In this instance, the research team makes a few significant observations-
- When only the labels must be protected, significantly simpler data pretreatment algorithms can be used to accomplish LabelDP without requiring any changes to the existing deep learning training pipeline.
- They can compute a prior probability distribution based on the (public) input, which offers an initial belief on the likelihood of the class labels for the given information. They may use prior knowledge to reduce label noise while keeping the same privacy guarantee as classical RR with a new variation of RR called RR-with-prior.

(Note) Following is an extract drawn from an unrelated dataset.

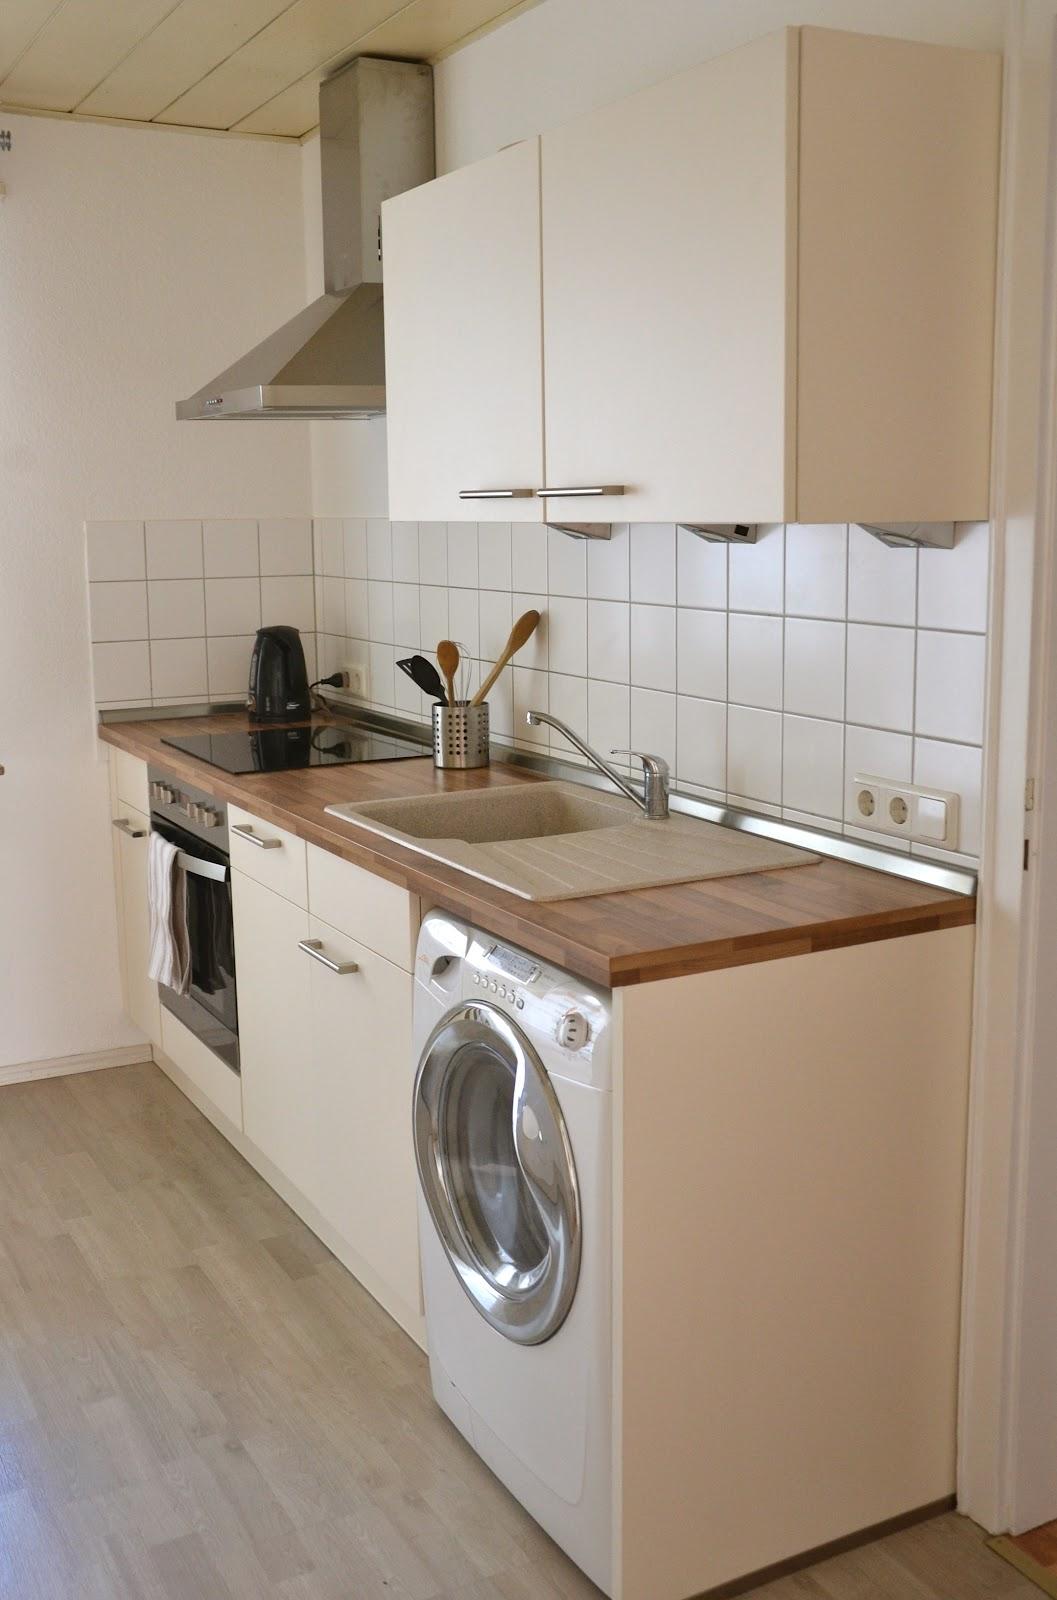 Desaf o blad agosto cocinas actitud y alegr a for Cocina y lavadero integrados

The following below diagram shows how RR-with-prior works. Assume you’ve constructed a model to divide an input image into ten categories. Consider the label “airplane” as an example of training. Classic RR returns a random label sampled according to a predefined distribution to ensure LabelDP (see the top-right panel of the figure below). The higher the probability of sampling an inaccurate title, the smaller the desired privacy budget ε. Assume that we have a prior possibility that the supplied input is “likely a flying object” (lower left panel). RR-with-prior will remove all labels with a small previous and just sample from the remaining brands when using the prior. By removing these improbable labels, the likelihood of receiving the correct title increases dramatically while retaining the same privacy budget (lower right panel).
If no previous information is provided (top-left), all classes are randomly picked with equal probability. If the privacy budget is more significant, the likelihood of sampling the proper type (P[airplane] 0.5) is higher (top-right). RR-with-prior: Unlikely classes are “suppressed” from the sampling distribution if a previous distribution is assumed (bottom-left) (bottom-right). As a result, for the same privacy budget, the chance of sampling the actual class (P[airplane] 0.9) is increased.

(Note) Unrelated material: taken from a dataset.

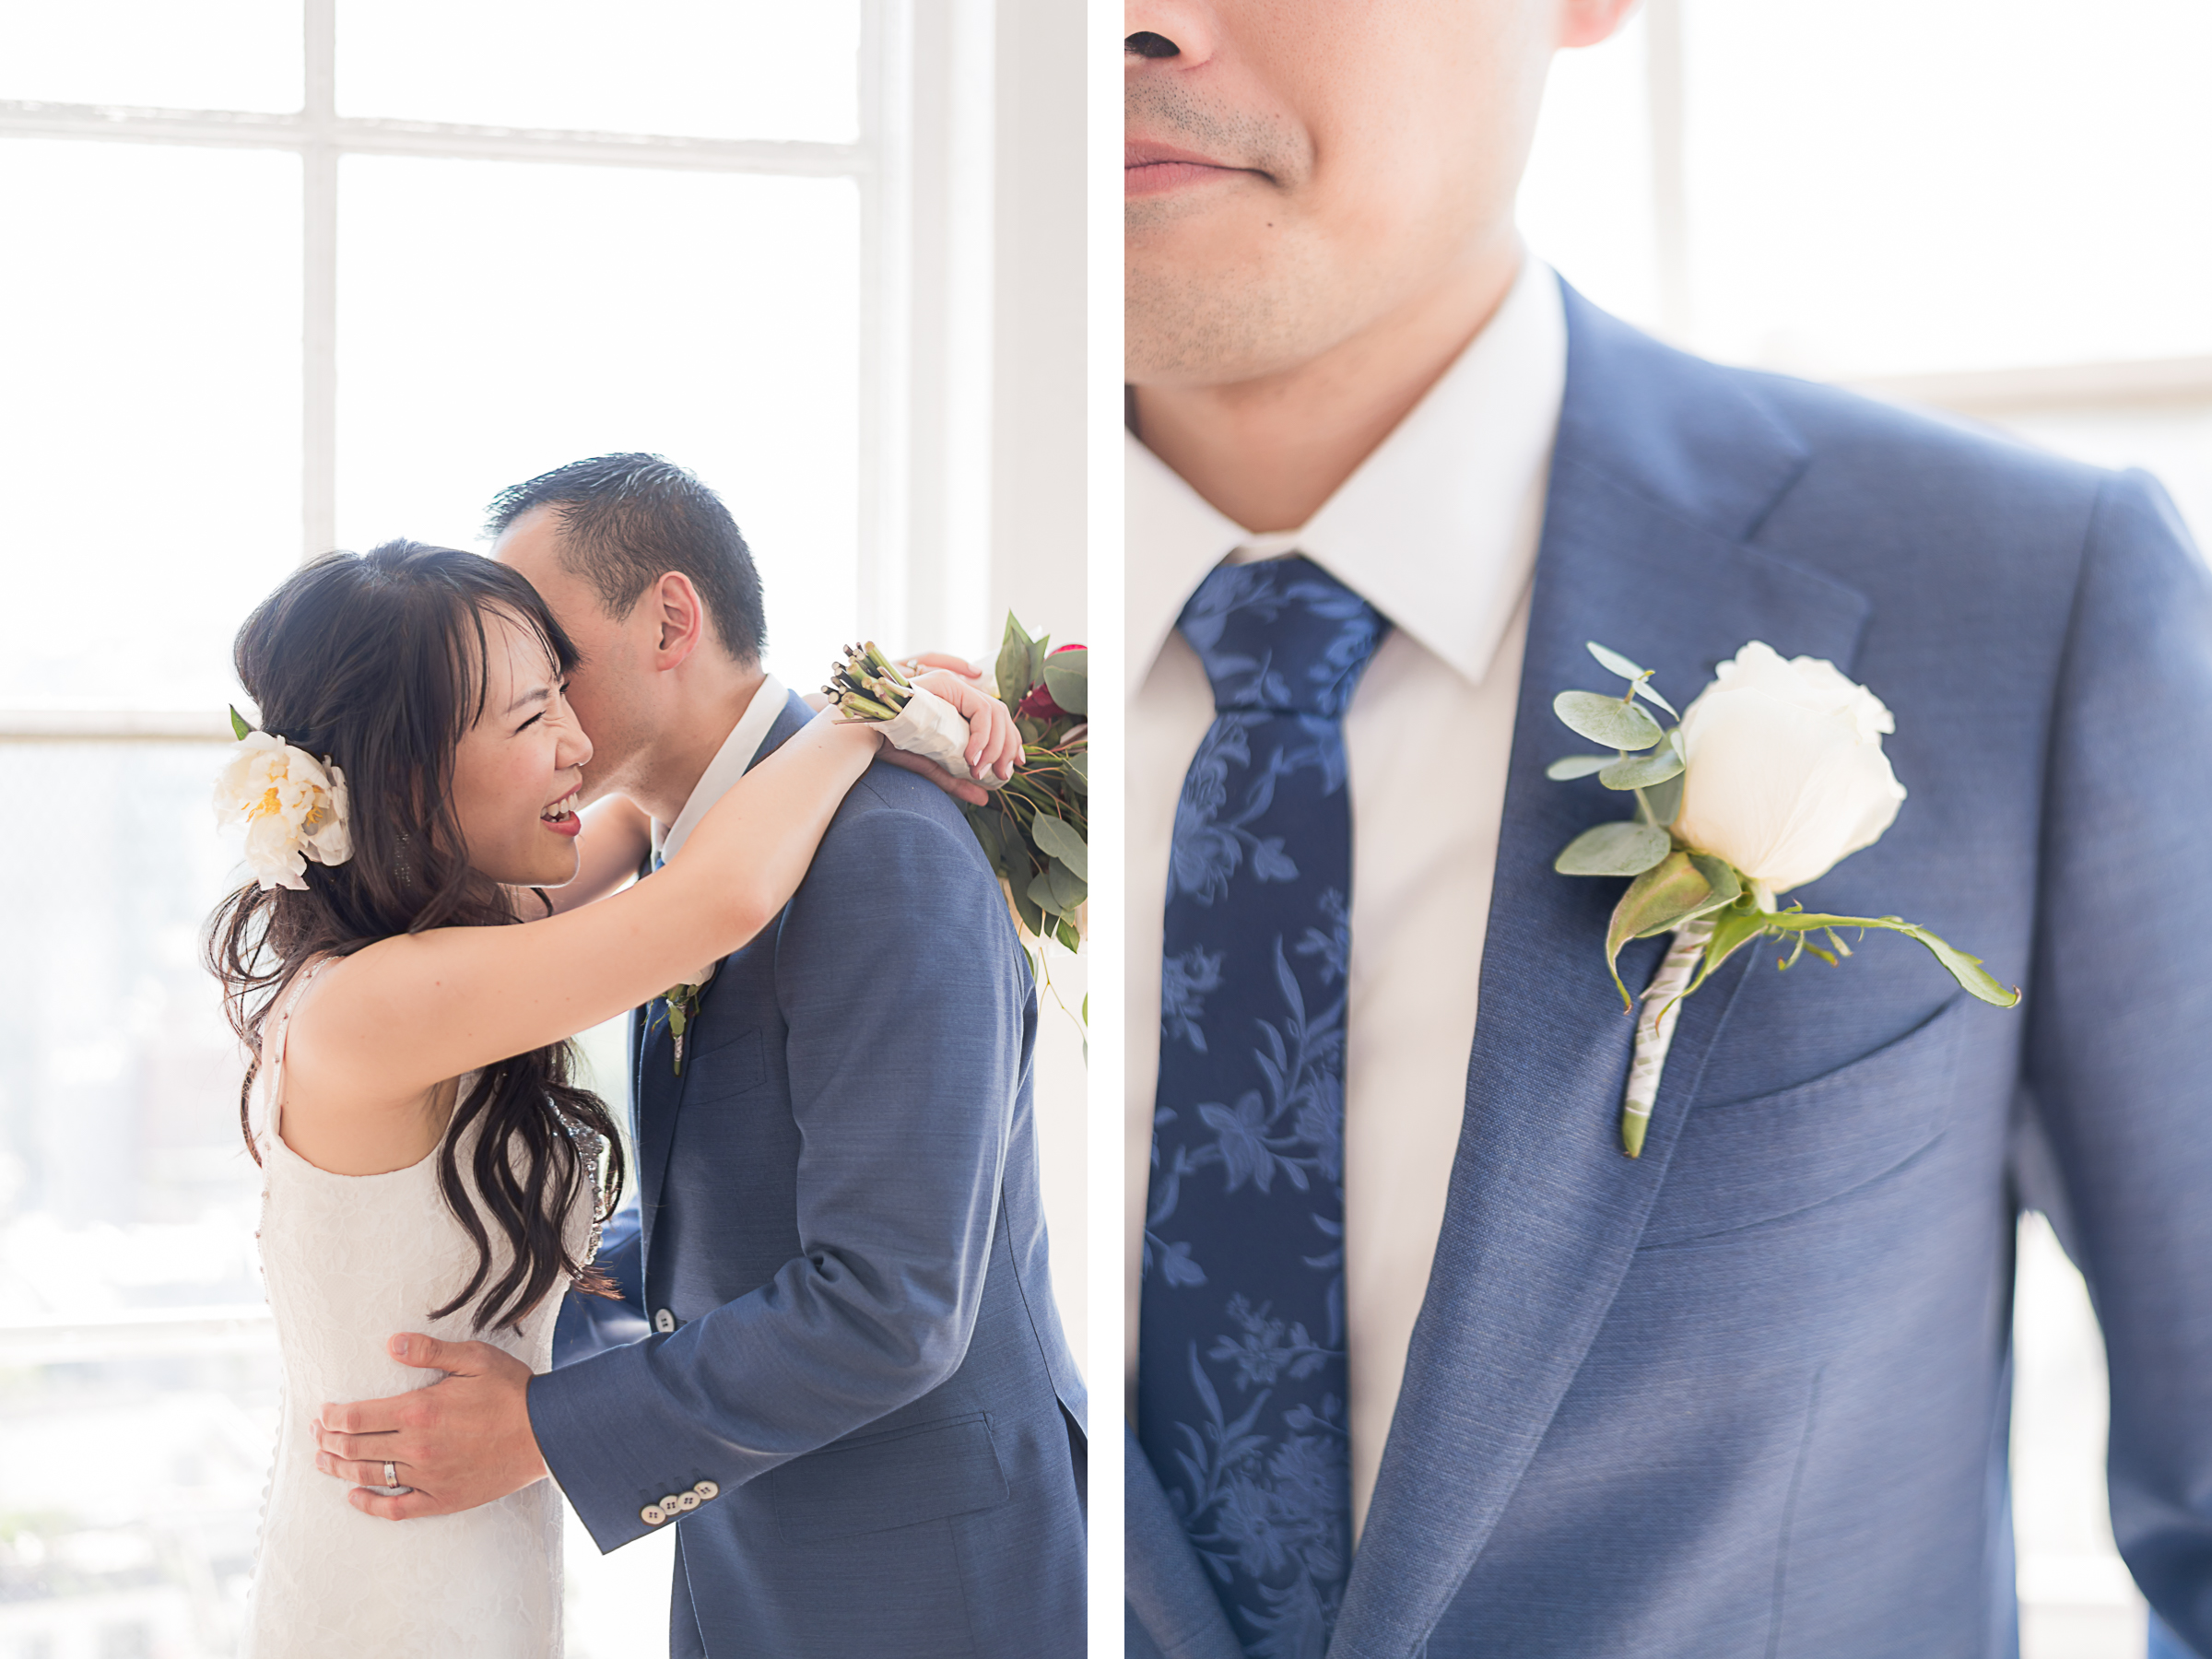 NYC-Ramscale-Wedding-Bride-Groom-Laugh.jpg

Google AI researchers introduce a multi-stage approach for training deep neural networks with LabelDP based on RR-with-prior observations. First, the training set is divided into various subgroups at random. The first subset is then used to train an initial model using classical RR. Finally, the method separates the data into multiple parts, with one component being utilized for preparing the model at each stage. The labels are generated with RR-with-prior, and the priors are based on the model’s prediction.

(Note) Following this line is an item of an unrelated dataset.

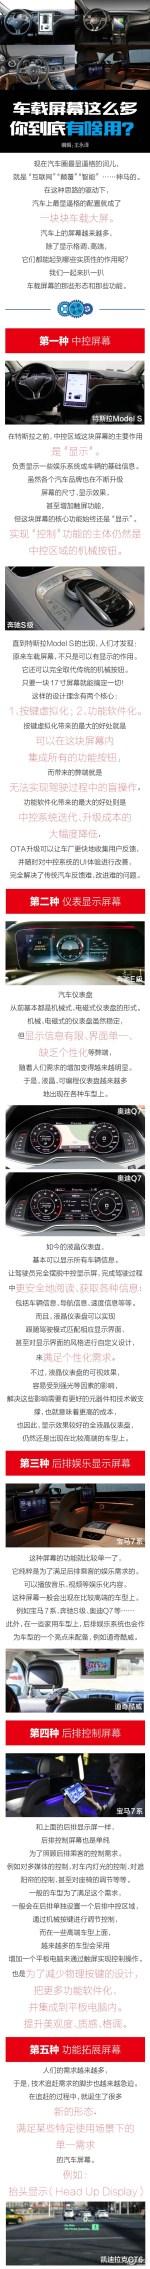 车载屏幕这么多 你们到底有啥用?

The Google Al team tested the empirical performance of the multi-stage training algorithm on a variety of datasets, domains, and architectures. The multi-stage training technique (blue in the figure below) guarantees LabelDP delivers 20% greater accuracy than DP-SGD on the CIFAR-10 multi-class classification challenge for the same privacy expenditure.
Based on practical and theoretical results, the researchers showed that LabelDP is a good relaxation of the full DP guarantee. LabelDP could close the performance gap between a private model and a non-private baseline in applications where the inputs’ privacy isn’t a concern. Google AI researchers intend to improve LabelDP algorithms for tasks other than multi-class classification. They anticipate that the availability of the multi-stage training algorithm code will be a beneficial resource for researchers working on DP.